Politically speaking, this crisis is the direct result of Puerto Rico’s colonial status. It has no representation in Congress, no electoral votes, and does not enjoy the legal protections of statehood. As a result, Congress has yanked it around based on the whims of the mainland, often forgetting all about it for decades. By rights, it ought to be made a full state immediately, in addition to the reform package outlined above, as compensation for decades of colonial domination.
Instead, President Obama and the Republican Congress went the opposite direction, imposing a quite literal dictatorship under the Puerto Rican Oversight, Management, and Stability Act (or PROMESA, Spanish for “promise,” how cute). Its seven-member board is not accountable to the Puerto Rican government, and has final say over “budget, laws, financial plans, and regulations.” The act also granted special permission to lower the island’s minimum wage for workers under 24 and a blanket exemption on new overtime rules.
The new PROMESA structure did delay the day of reckoning somewhat. But Obama mostly appointed financiers and bankruptcy lawyers to the board. Incomprehensibly, one of the non-financiers he appointed was a conservative policy analyst who has spent his career agitating for sweeping cuts to Social Security. Hilariously, the new executive director selected for the board in January turns out to own at least $265,000 in Puerto Rican bonds and debt — possibly a violation of conflict-of-interest provisions in PROMESA itself.
So it’s no surprise the board is demanding eyewatering austerity — $1.5 billion in new taxes and $3 billion in cuts yearly, to be implemented over the next two years. These are gigantic cuts in an economy whose total size is about $70 billion, and would by the board’s own estimates cause the economy to shrink by 16.2 percent next year. (Puerto Rico’s new governor, a non-voting board member, naturally wants somewhat less austerity.)

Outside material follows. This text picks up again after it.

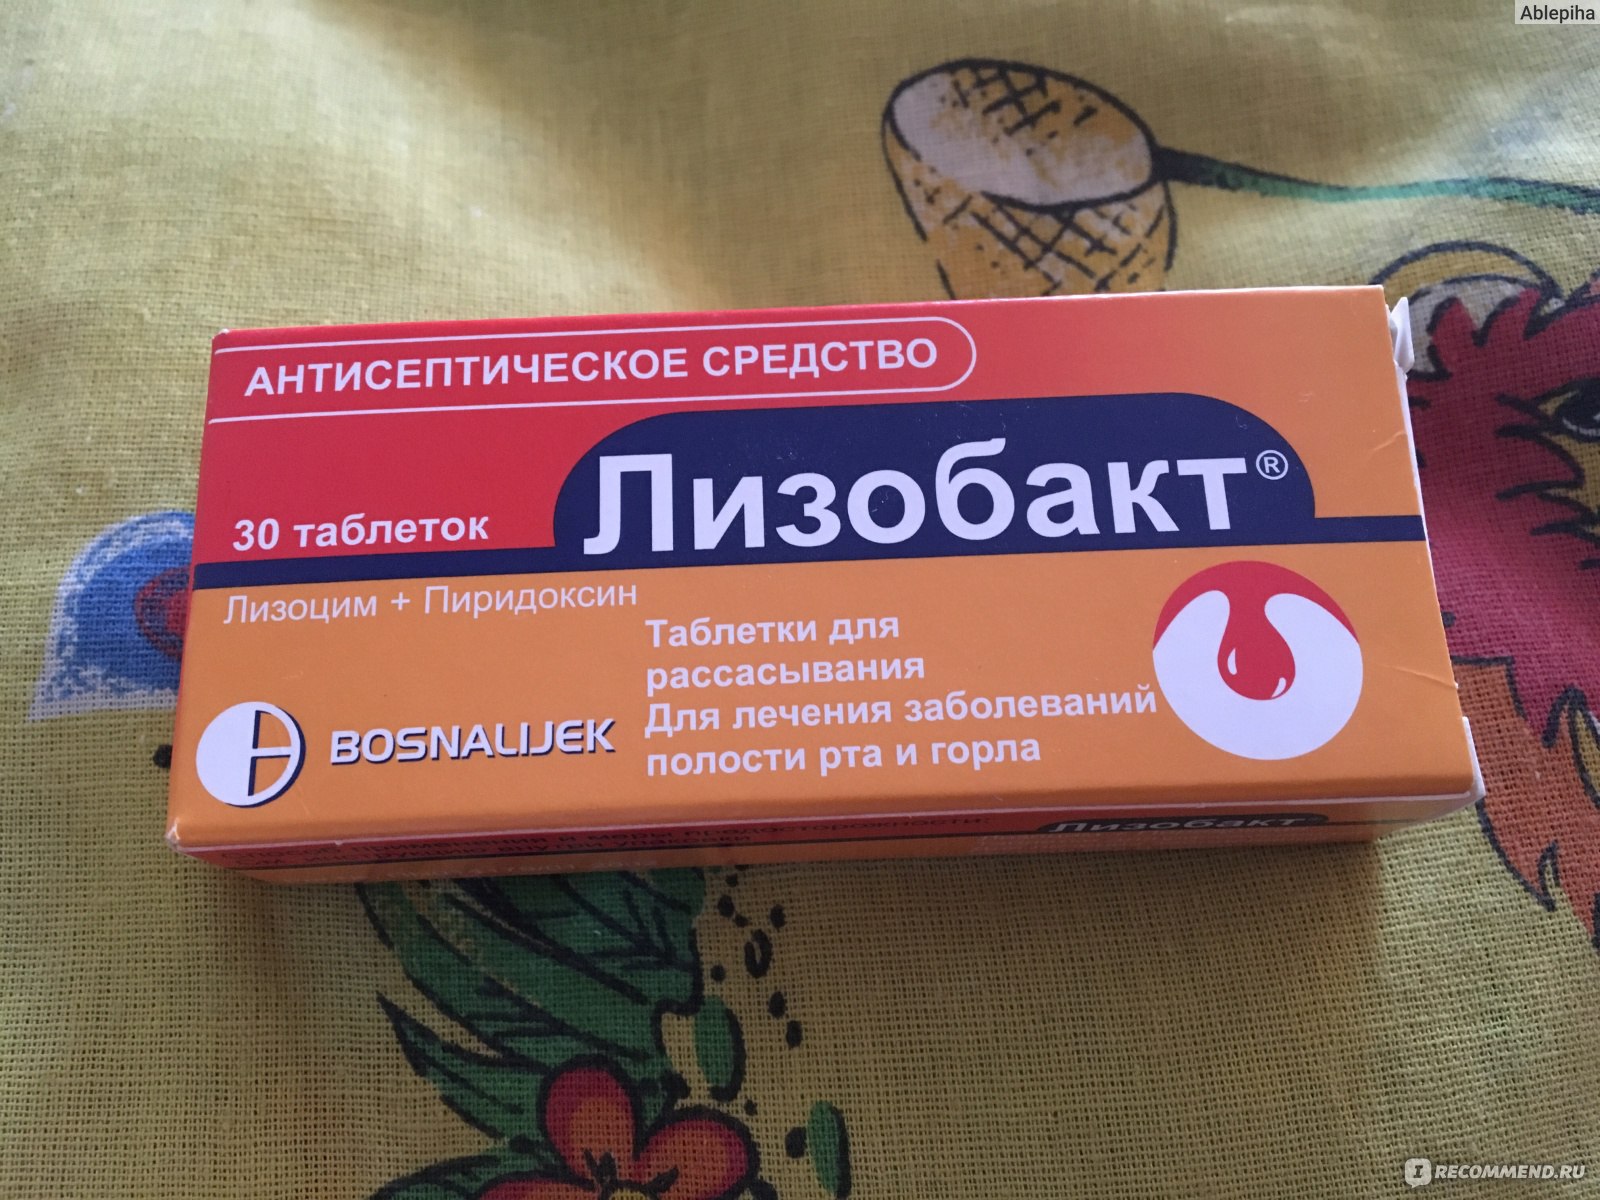 Ларипронт таблетки для рассасывания – инструкция по применению, отзывы, цена, аналоги. можно ли давать препарат детям? что лучше – ларипронт или лизобакт?
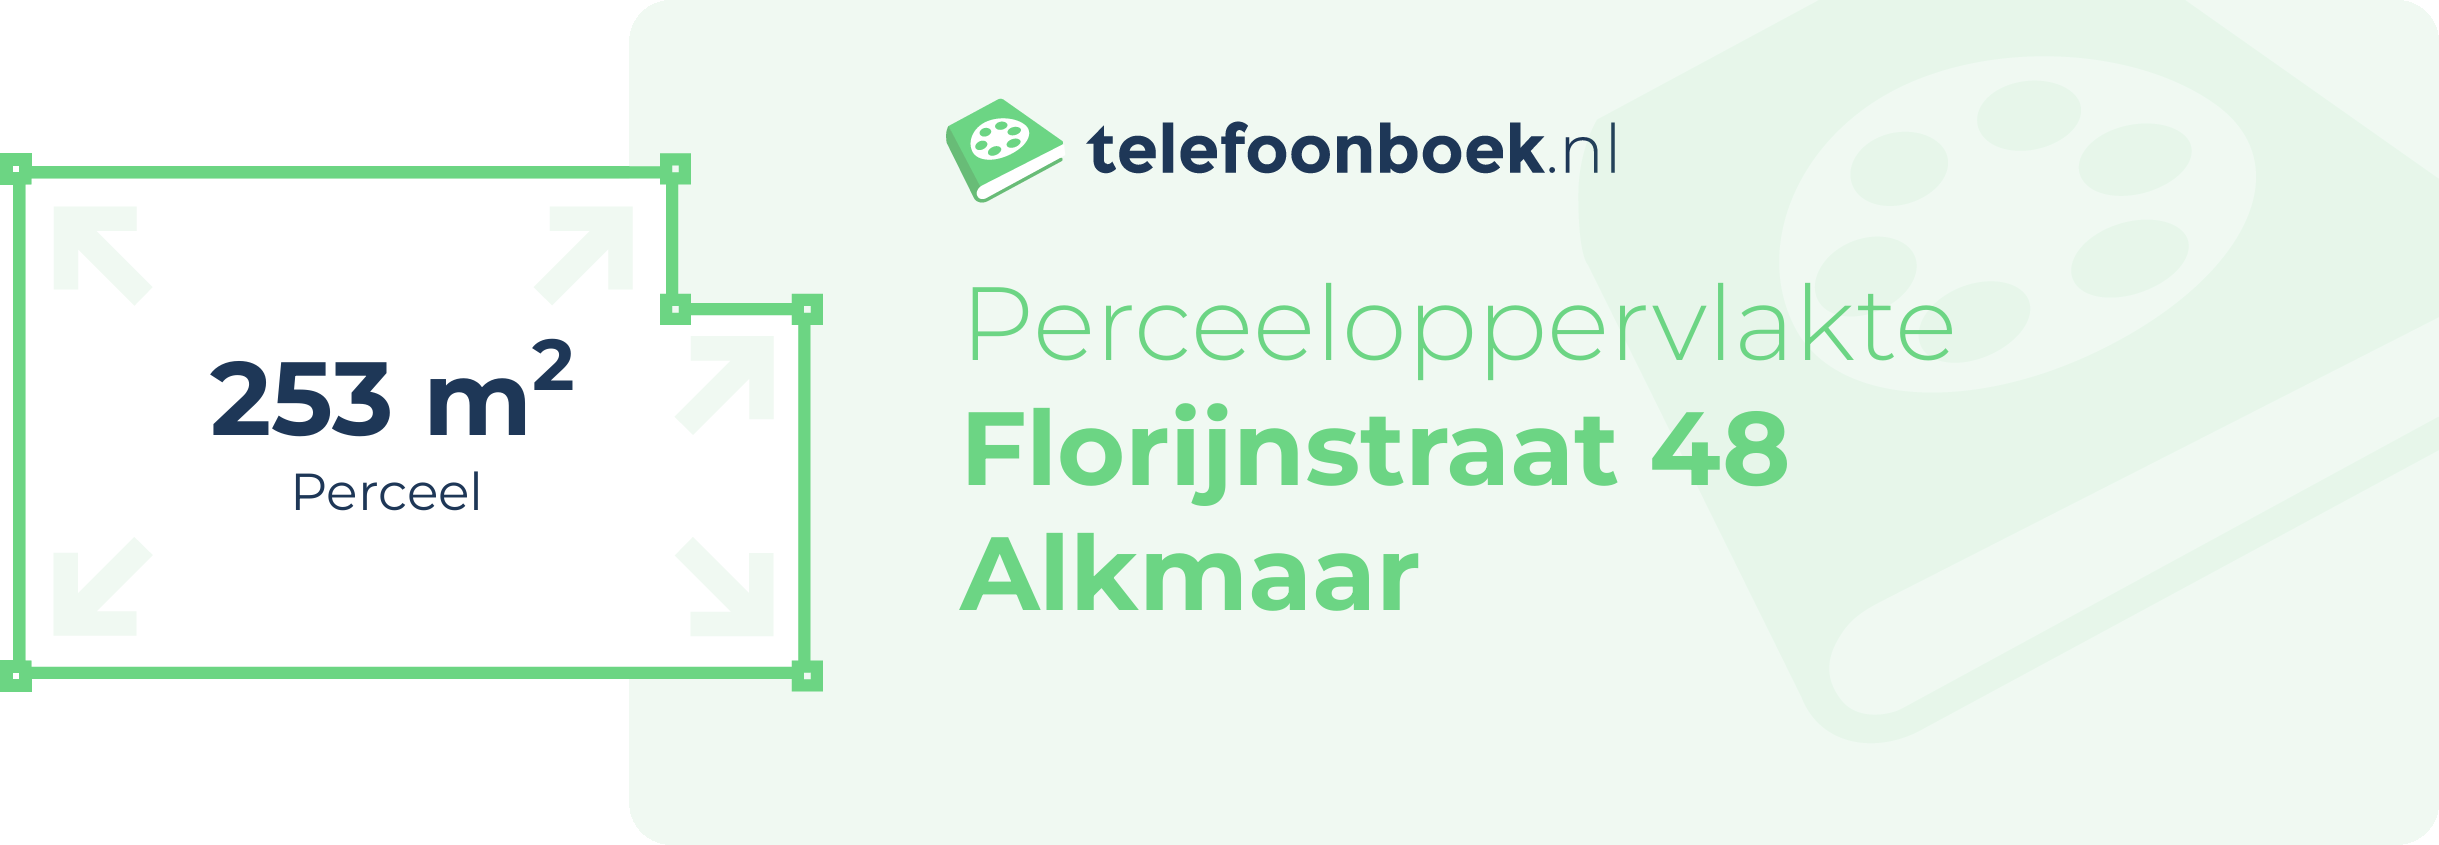 Perceeloppervlakte Florijnstraat 48 Alkmaar

All this is a fairly close recapitulation of the psychotically brutal economic pummeling the eurozone authorities dished out to Greece. What that nation and Puerto Rico needed was a friend to pick them up, dust them off, and get them back on a sustainable path to solvency and prosperity, where both bondholders and Puerto Ricans got a fair deal. But without democracy, with all the power in the hands of unelected neoliberal technocrats and financiers, and with all policy based on an ironclad commitment to austerity and debt repayment in full regardless of circumstance, the result will be full-blown depression without end.